Ai-assisted auditing with customized adjustments and data protection

Authors

DOI:

https://doi.org/10.5585/iptec.v12i2.27075

Keywords:

Auditing, Artificial intelligence, Large language models, Data security, Fine-tuning

Abstract

This project presents an Artificial Intelligence (AI)-assisted auditing solution, utilizing the Large Language Model (LLM) LLama 3, in an offline environment to ensure the security of sensitive data and comply with the General Data Protection Law (LGPD). The developed tool uses personalized prompts to adapt the model to the specific needs of auditors, providing greater flexibility in the process.

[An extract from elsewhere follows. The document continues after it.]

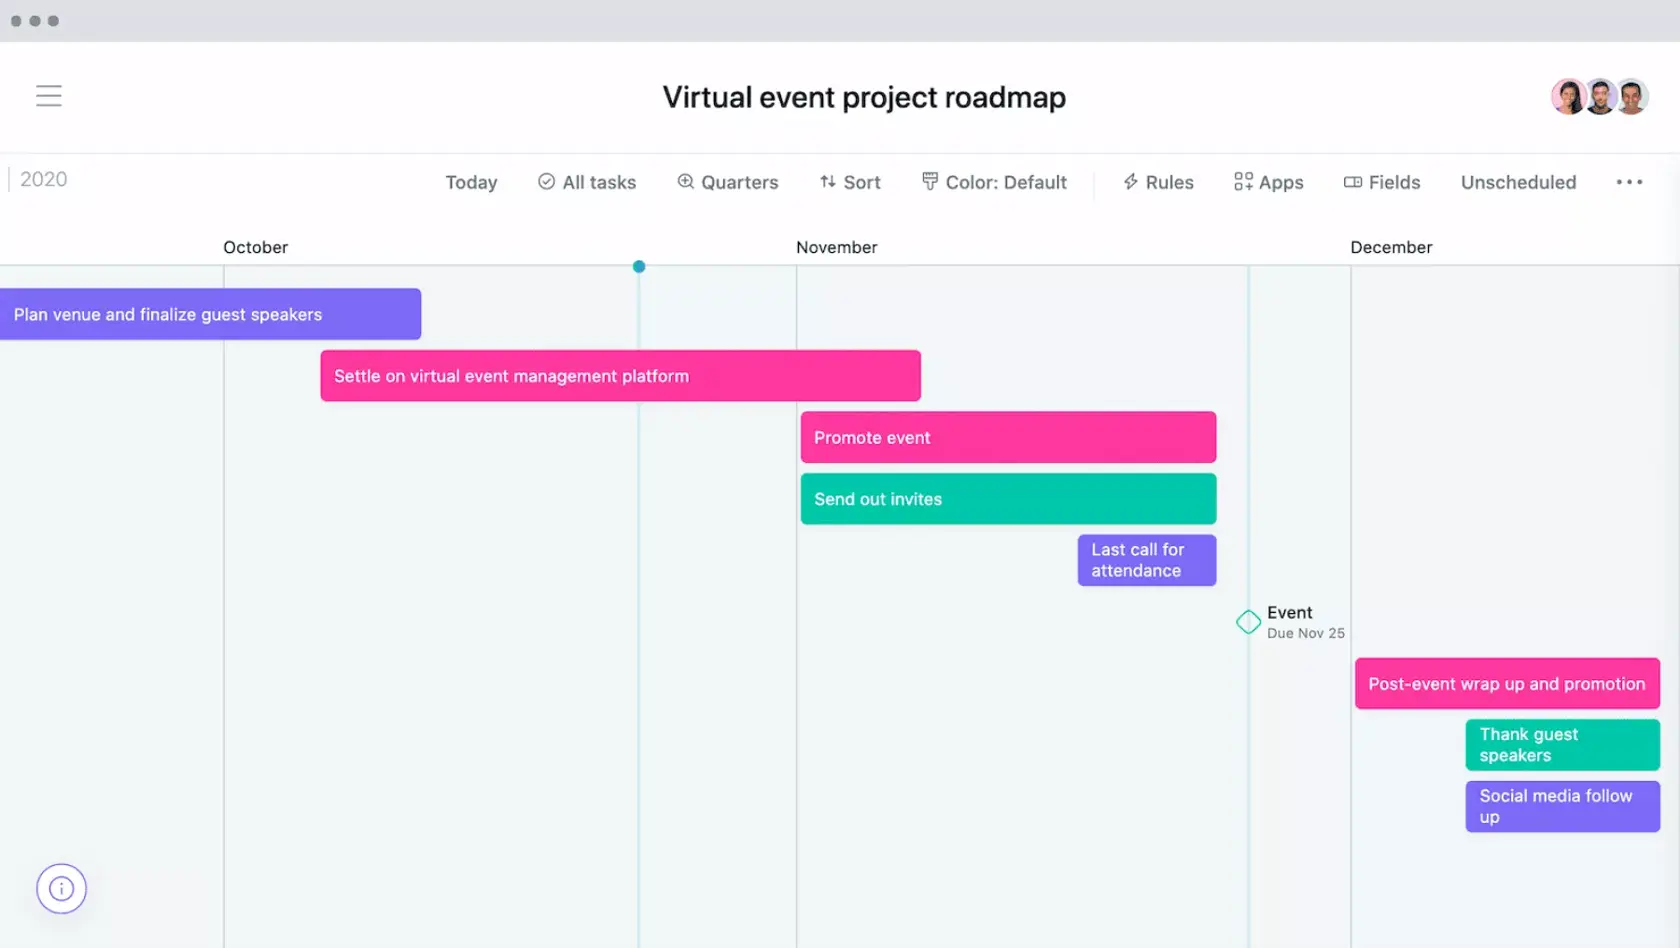 [Vista de Cronograma] Ejemplo de hoja de ruta de un proyecto para eventos virtuales en un cronograma al estilo de diagrama de Gantt en Asana

The tools adopted are open-source, ensuring accessibility and customization for different auditing scenarios. The study explores practical applications, such as data analysis in Excel and PDF, financial indicator calculations, and the identification of accounting anomalies, areas in which the model has proven effective in improving the accuracy and efficiency of the process. Additionally, the offline use offers greater security in handling financial and accounting data, protecting the information from potential leaks. The technical, economic, operational, and legal feasibility was carefully analyzed. The results indicate that the risks associated with implementation are low, with a positive return in terms of efficiency and accuracy in audits. The tool allows for continuous model adaptation through adjustments made directly by auditors, ensuring the solution remains aligned with the specific needs of the context. This project represents a significant advance in the field of auditing, integrating AI in a practical and secure way, with the potential to transform audit execution for companies of various sizes.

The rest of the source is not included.